Recentemente, a prefeitura de Curitiba comemorou o fato de que o número de mortes no trânsito ter caído 20% no ano passado. Porém, o saldo é de 191 pessoas que perderam a vida nas ruas da cidade em 2013, algo ainda bastante incômodo e significativo.

Nova York colocou como meta zerar as mortes no trânsito daquela cidade em uma década. Qual o plano de Curitiba? Quantas mortes são toleradas por ano por aqui? Como reduzir o número de fatalidades? Será que é possível chegar lá usando apenas os conselhos engraçadinhos de uma personagem fictícia “que sabe tudo de bailão, de Facebook e, claro, de trânsito moderno”?

No limite

A esperança de que as coisas podem melhorar está por um fio. A cada morte registrada, a utopia de uma cidade humana vai ficando mais distante. Casos como o de hoje tornam inviáveis quaisquer argumentos para convencer as pessoas de que é possível ir de bike e voltar vivo para casa. Ninguém quer ser mártir de uma causa. O que os ciclistas querem é apenas poder optar por um meio de transporte alternativo, eficiente e viável para curtas distâncias.

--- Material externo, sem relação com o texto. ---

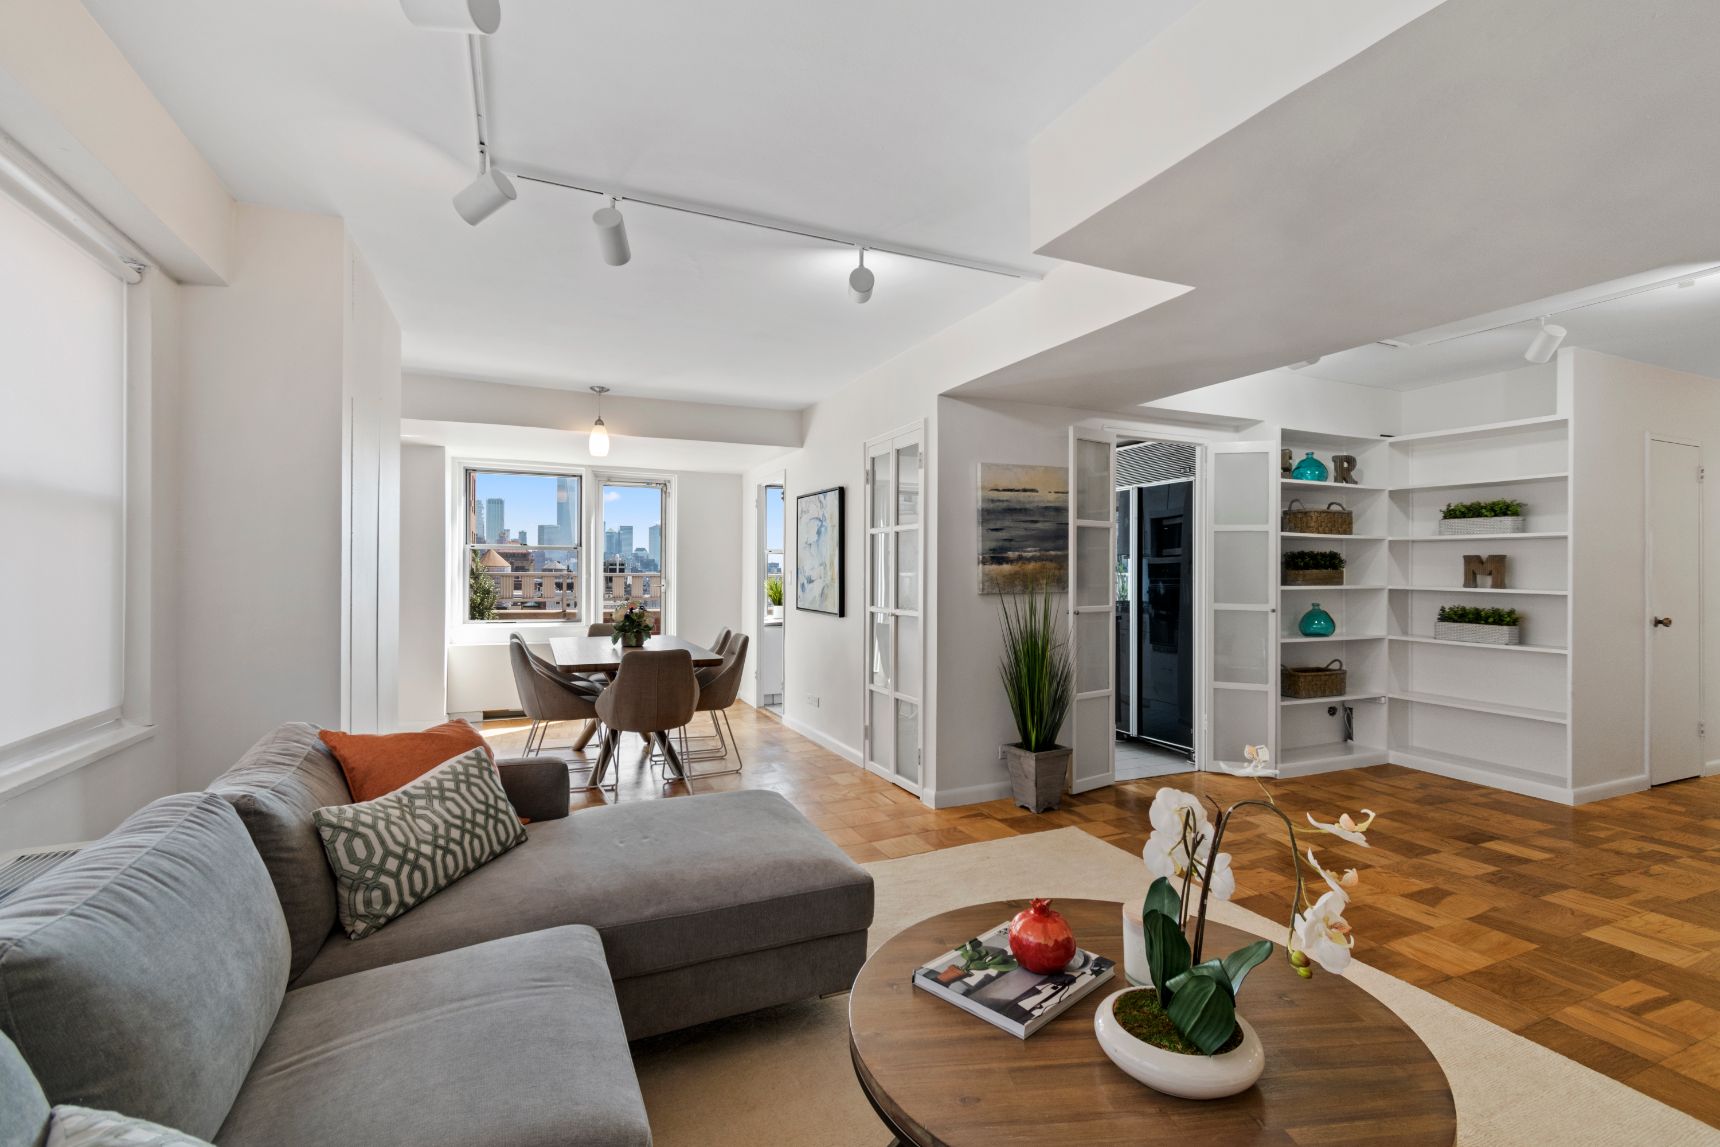 How Much Does a Two Bedroom Apartment Cost to Buy in NYC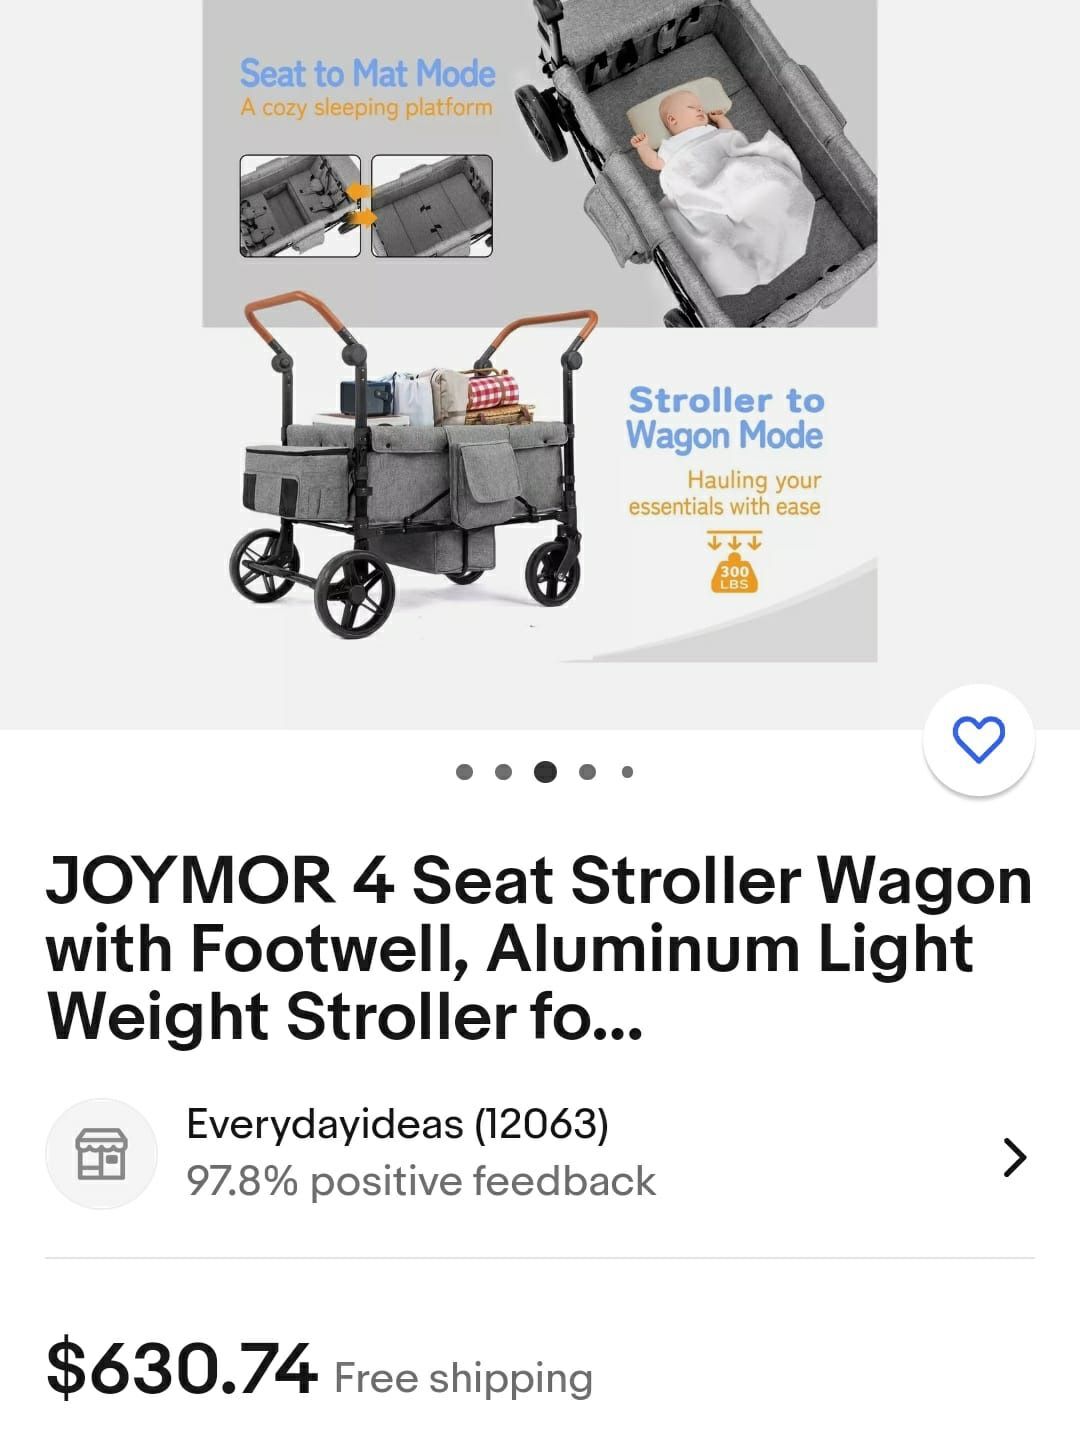 JOYMOR 4 Seat Stroller Wagon with Footwell, Aluminum Light Weight Stroller for Kids Infants, Adjustable Canopy, XL All-Terrain Wheel, Easy Push and Pu

É preciso se ter em mente que essa onda de desilusão pode frear um dos poucos impulsos de energia cívica que ainda resistem em uma cidade cada vez mais individualista. Mas, como bem observou o leitor do blog Ítalo Moura ao comentar o post sobre a morte de Letícia, no fim das contas, a prefeitura vai acabar cumprindo sua promessa de resolver o problema da ciclomobilidade. A solução é simples: “Sem ciclistas, sem problemas”.

Outro lado

Por meio de nota publicada por meio das redes sociais, a Prefeitura de Curitiba diz lamentar profundamente o acidente que resultou na morte da ciclista e informa que o motorista do caminhão envolvido no acidente vai passar por perícia médica e está afastado de suas atividades. “A Prefeitura acompanha as investigações dos órgãos responsáveis sobre as circunstâncias do acidente para então avaliar que procedimentos serão adotados”, completa a nota.